* [Work request] Your copy starts at the line containing "Waste and recycling" and ends at the last line below. Copy exactly, without pictures.

* [Collected data]
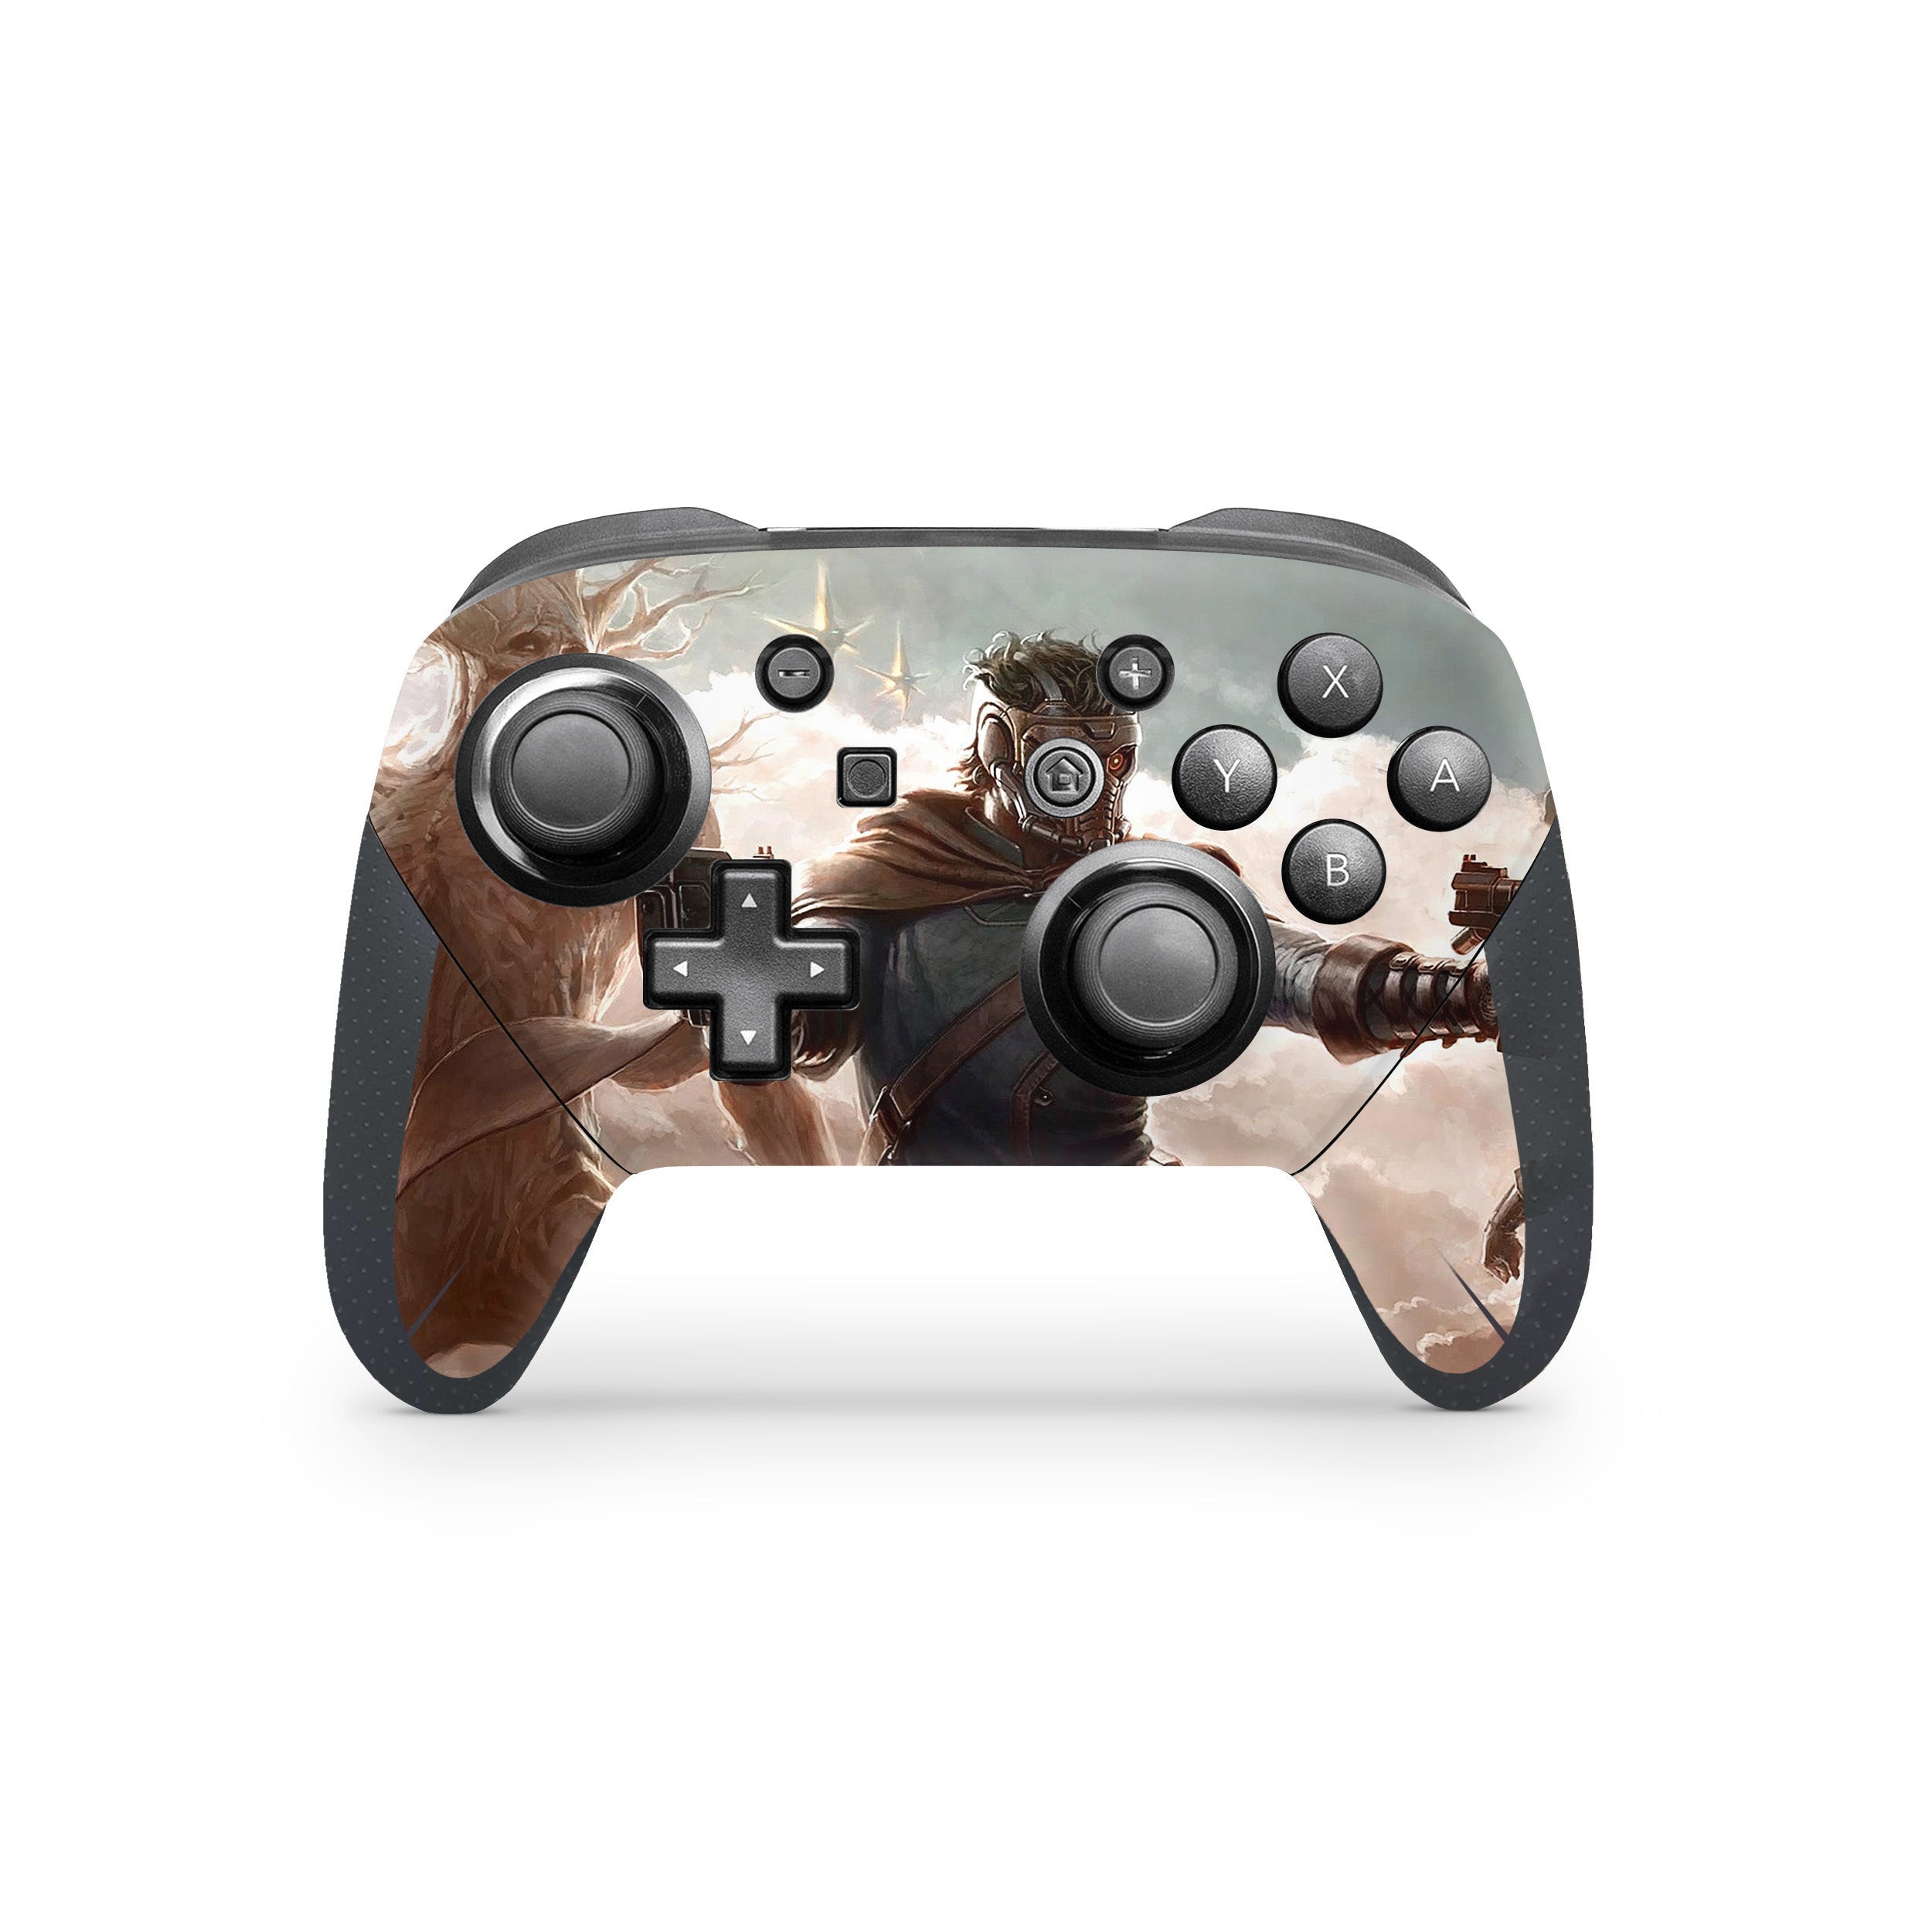 A video game skin featuring a Marvel Guardians of the Galaxy design for the Switch Pro Controller.
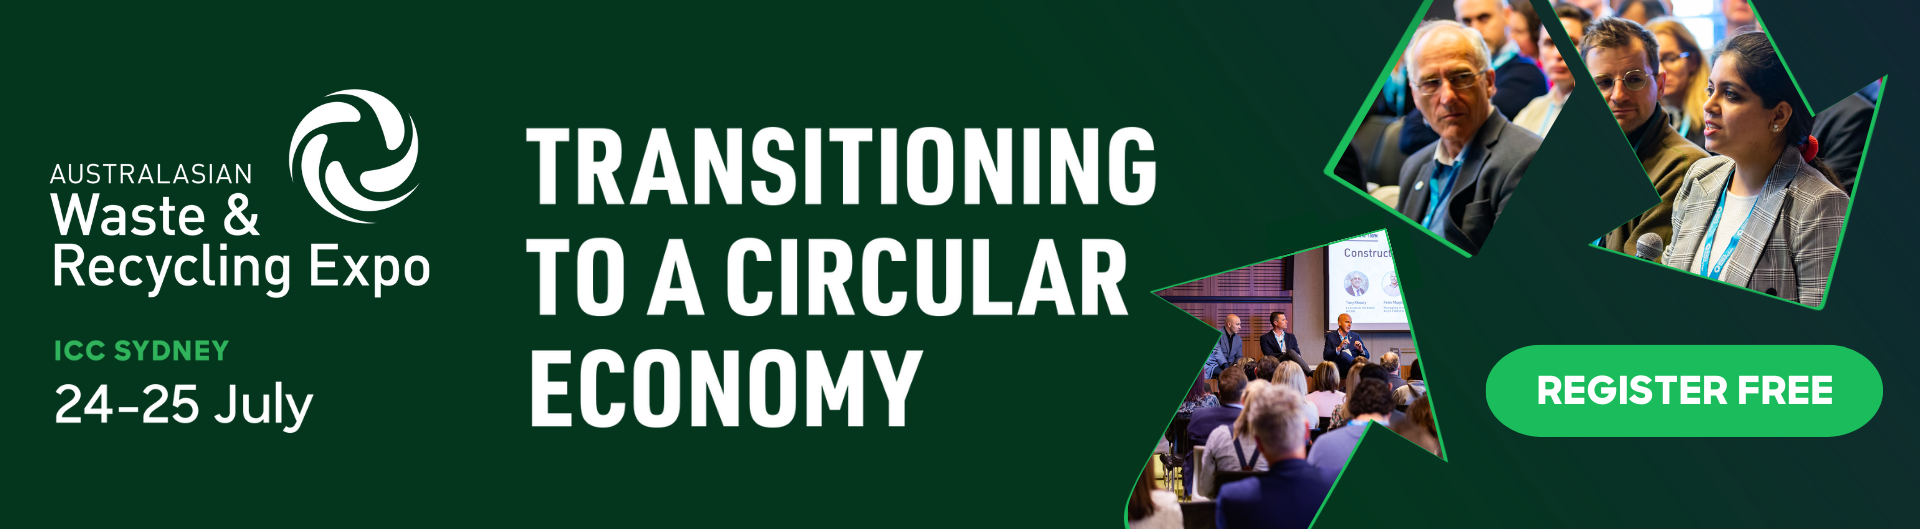 Waste and recycling expo, transitioning to a circular economy from 24-25 July
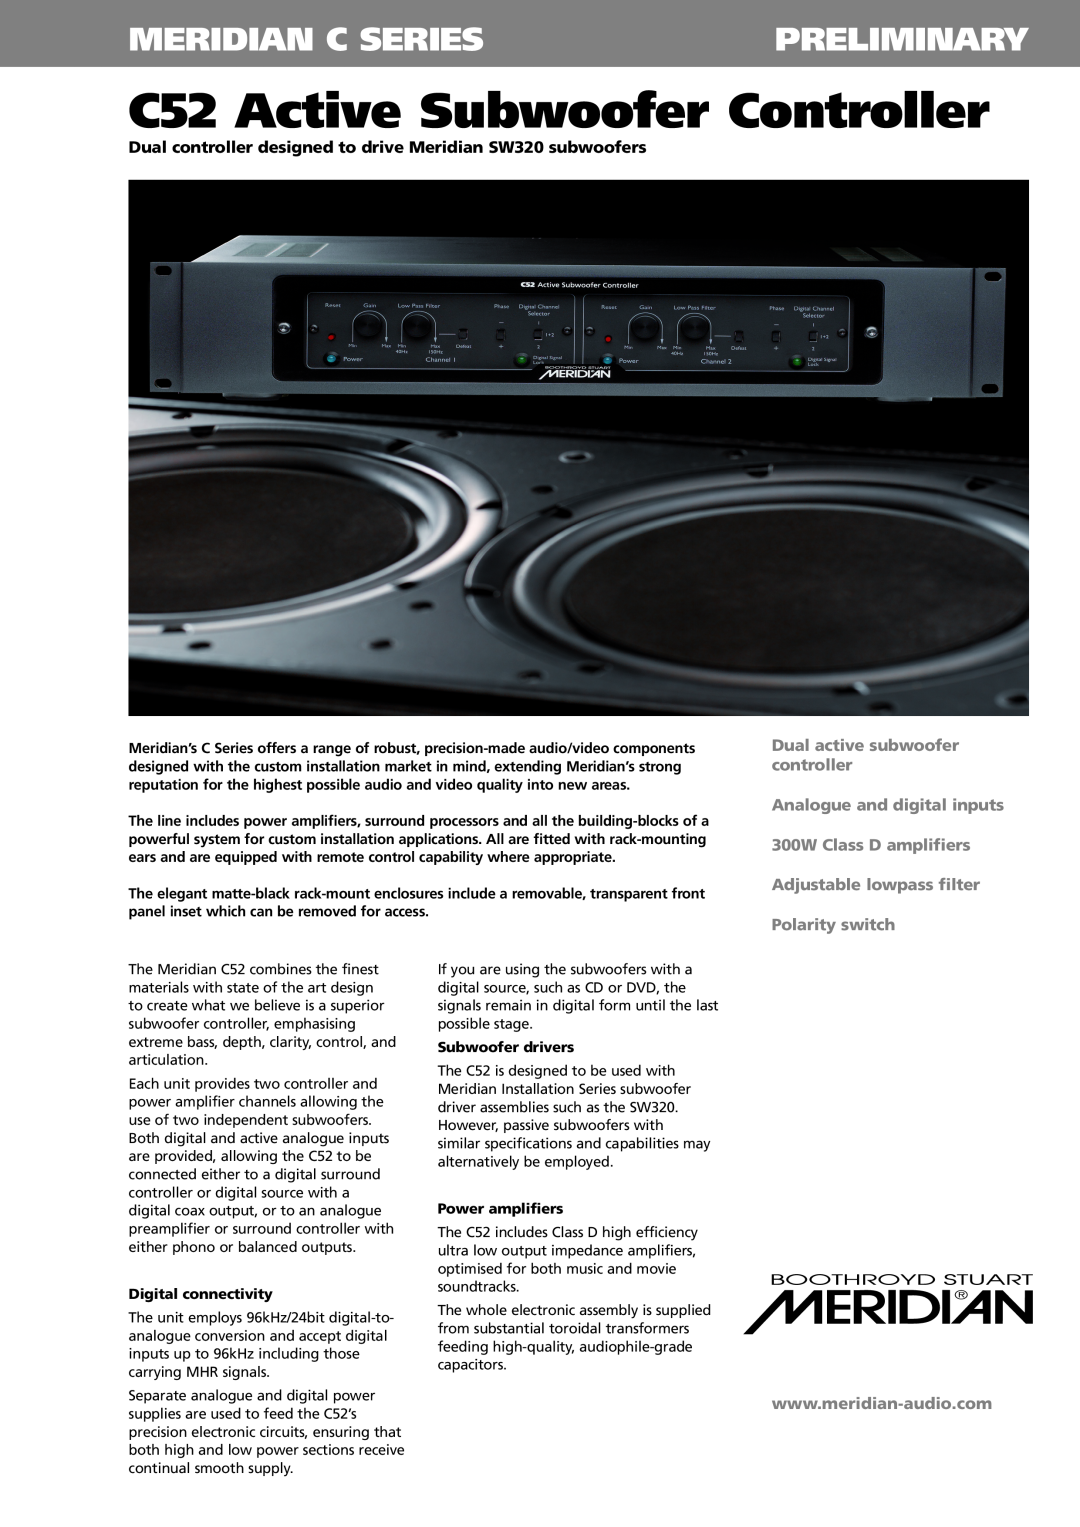 Meridian America C52 specifications Meridian C Seriespreliminary, Dual active subwoofer controller, Digital connectivity

* [Output]
 Waste and recycling expo, transitioning to a circular economy from 24-25 July
 Meridian America C52 specifications Meridian C Seriespreliminary, Dual active subwoofer controller, Digital connectivity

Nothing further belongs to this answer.